Shell grounding: Reliably ground the shell of electrical equipment to prevent the shell from being charged and reduce the risk of electric shock.

Ground fault protector: The ground fault protector is used to detect whether there is a ground fault in the electrical equipment. Once the ground fault is detected, the protector will cut off the power supply and prevent the fault current from passing through the casing of the equipment.

Ⅳ. Working principle of circuit protection

The working principle of the circuit protection circuit is to protect the power system from damage or failure by limiting the power supply voltage and current or preventing the power supply from being reversed, so as to ensure the safety and reliability of the power supply system. The key to the working principle of circuit protection is to monitor and detect faults in time, so that protective measures can be taken quickly to prevent faults from causing greater damage or danger.

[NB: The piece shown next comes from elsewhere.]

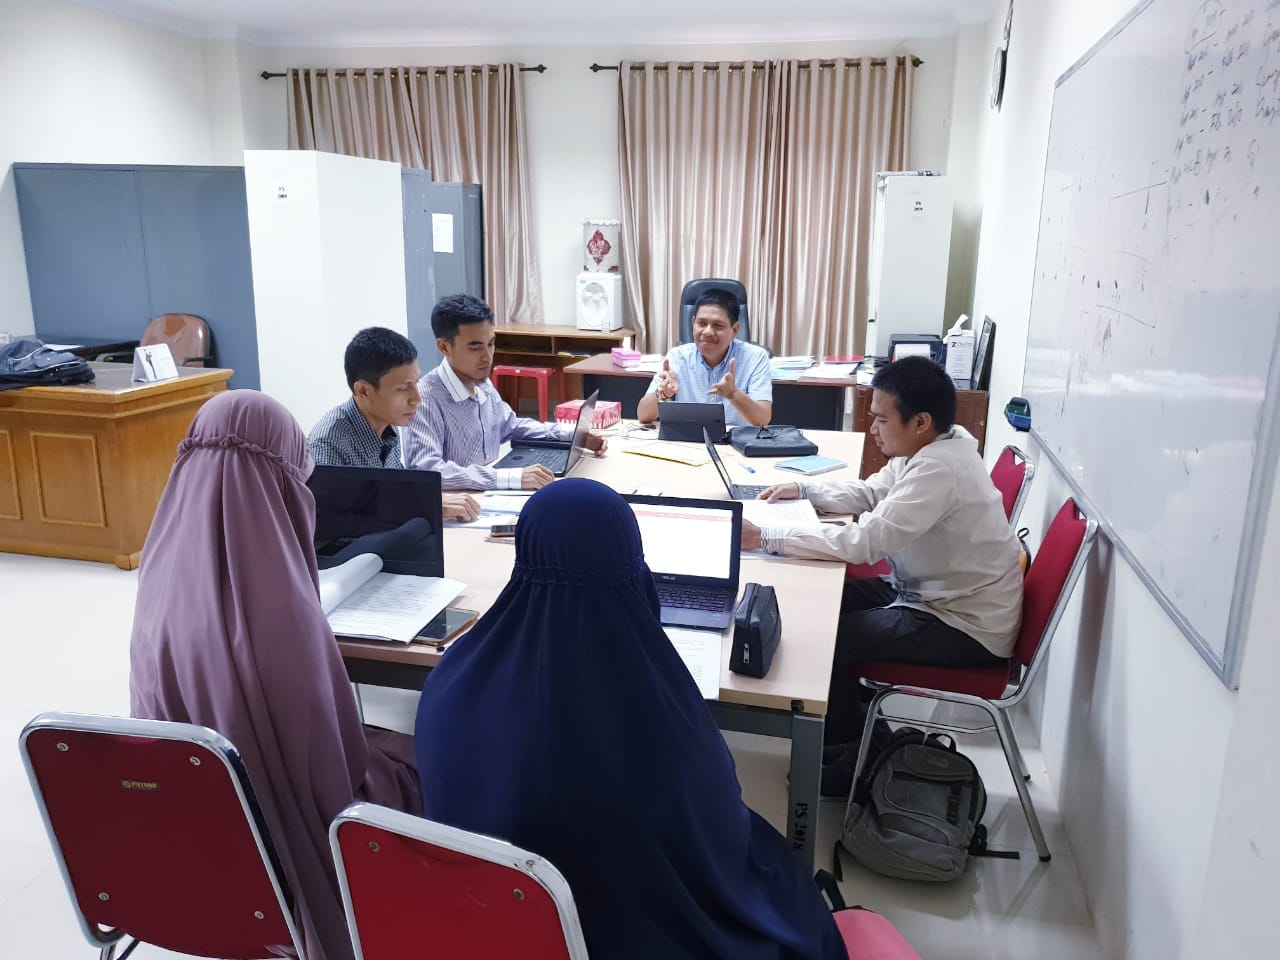 Kuliah Ulumul Qur'an bersama Prof. Dr. Achmad Abubakar, M.Ag.

When selecting a circuit protection circuit, factors such as the load, current, and power supply voltage of the circuit need to be considered, and an appropriate circuit protection circuit should be selected according to the specific situation. At the same time, the protection circuit needs regular inspection and maintenance to ensure the reliability and stability of the circuit.

Specific circuit protection steps:

Circuit protection first needs to monitor parameters in the circuit, such as current, voltage, temperature, etc. Different types of protective devices monitor different parameters according to their design goals.

Once abnormal conditions are detected in the circuit, the circuit protection device will immediately identify these abnormal conditions as faults.

After detecting a fault, the circuit protection device will trigger the corresponding protection action to prevent further expansion of the fault or avoid damage to equipment and personnel.

To protect equipment and circuits from damage or to avoid safety hazards, circuit protection devices interrupt electrical circuits. Breaking the circuit prevents fault current from flowing through the device, preventing it from being overloaded or damaged.

Ⅴ. Importance of circuit protection

1. With the development of electronic products, the function (integration) of IC is getting stronger and stronger, and its "worth" is naturally more and more expensive, so it needs to be protected.

2. The circuit protection device can monitor abnormal conditions in the circuit in time, such as overcurrent, overvoltage, overtemperature, short circuit and other faults, so as to quickly cut off the circuit when a fault occurs, and avoid damage or burnout of the equipment caused by fault current. They play a role in protecting equipment from overload, overvoltage, overcurrent and other factors, prolonging the life of equipment and reducing the cost of repairing and replacing equipment.

3. There are more and more mobile electronic products, such as handhelds, PDAs, notebook computers, camcorders, digital cameras, CD players, etc. These electronic products all need battery components as protective components in battery components and battery chargers.

4. Circuit protection detects and cuts off the overload or short circuit of the equipment in time to avoid energy waste and improve energy utilization efficiency.

5. Electronic products need to prevent lightning strikes and interference between power lines and telephone lines to ensure normal communication and personal safety of users. Therefore, with the development of electronic products, the demand for over-current and over-voltage protection components is on the rise.